Junior year, she'd let go of the whole dance idea. It was time to focus on something new. Something fresh. Like … politics. It didn't matter that she didn't know anything about politics beforehand; she was smart. She learned. And through her research, she knew — she just knew — that Kerry was going to win the presidential election instead of the monkey — ahem, Bush.

She'd done all the necessary interviews. She'd even managed to get an interview with Kerry himself (and that had taken some madd skilllz). Her story was going to be fabulous. “Kerry, the new president of our nation,” her headline had read. It was going to be a blockbuster hit. Hell, it'd probably even win a Pulitzer. Who would stand in her way? Who would dare? She was going to be famous and rich. The next Oprah. And then people who said she had “delusions of grandeur, it's-only-some-stupid-article” would all be sorry.

But that had fallen through as well. Somehow, a primate had bested a human. It was unthinkable. She had thought that she had covered all the bases … and she had. She had, dammit. It wasn't her fault that more than half the people in America had pudding instead of brains.

And now it was her senior year. Her last chance. It was in the palms of her hands, and she wasn't about to let it slip away. Not if she still had a breath of life in her lungs.

It was all planned. To the minutest [sic] of details. She was the senior editor of the features section now, and no one would be able to stop her. It was quite an ingenious plan, actually, if she did say so herself. (Which she did.) She'd simply asked to write the “What to do in CU” article — a minor, informal thing, really.

But she was about to turn it upside down and take it to a new level.

It'd been all too easy. A couple calls (and ahem, bribes …) to a couple well-chosen friends, a raid of Dallas and Co, the purchase of two yards of rope … and she was ready. No one would ever be able to guess that it had been an orchestrated affair, something she'd been planning for the past three months.

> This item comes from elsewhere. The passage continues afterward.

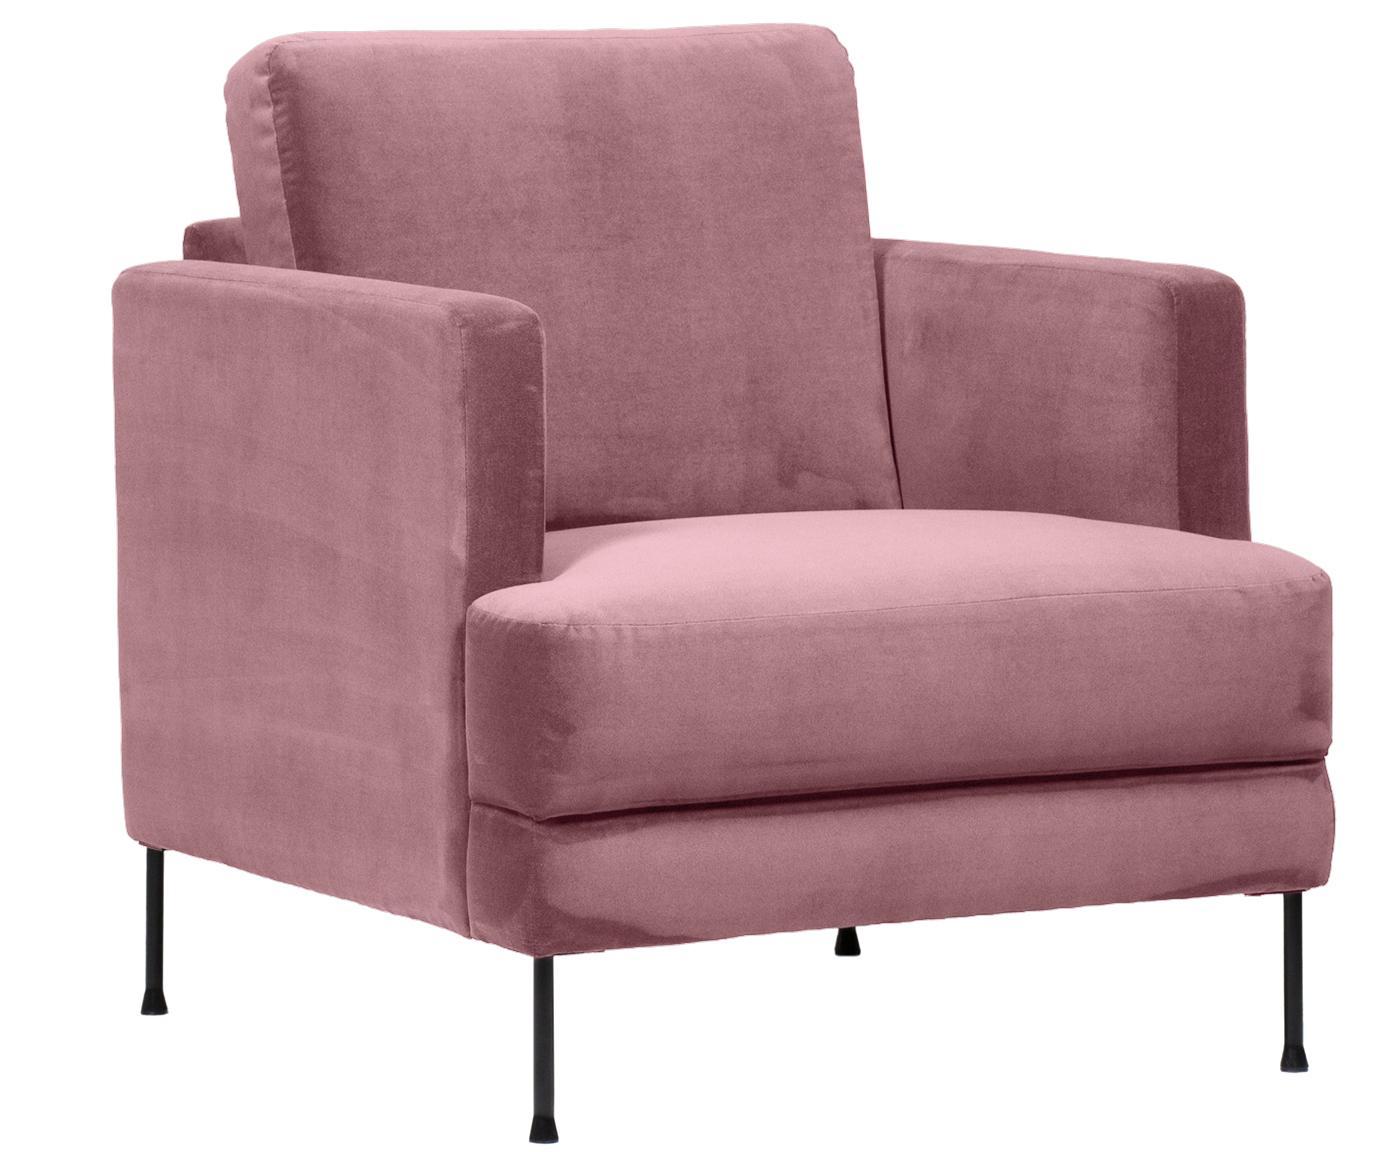 Samt-Sessel Fluente, Bezug: Samt (Hochwertiger Polyes, Gestell: Massives Kiefernholz, Samt Rosa, B 76 x T 83 cm

So on Saturday morning, she headed out to Curtis Orchard as planned, crazy with excitement. It truly would be a fabulous story, and she would pull every string she could get to put it on the front page. Which, if everything went well, wouldn't be too difficult. She grinned at her two “henchmen,” two boys who weren't from Uni, of course.

It would be simple. She would be at Curtis Orchard, and all of a sudden, two scary dudes in ski masks that didn't match the rest of their cowboy outfits would kidnap her. The photographer with her would take pictures from “behind a bush,” as they would say later to anyone who asked why he hadn't helped her.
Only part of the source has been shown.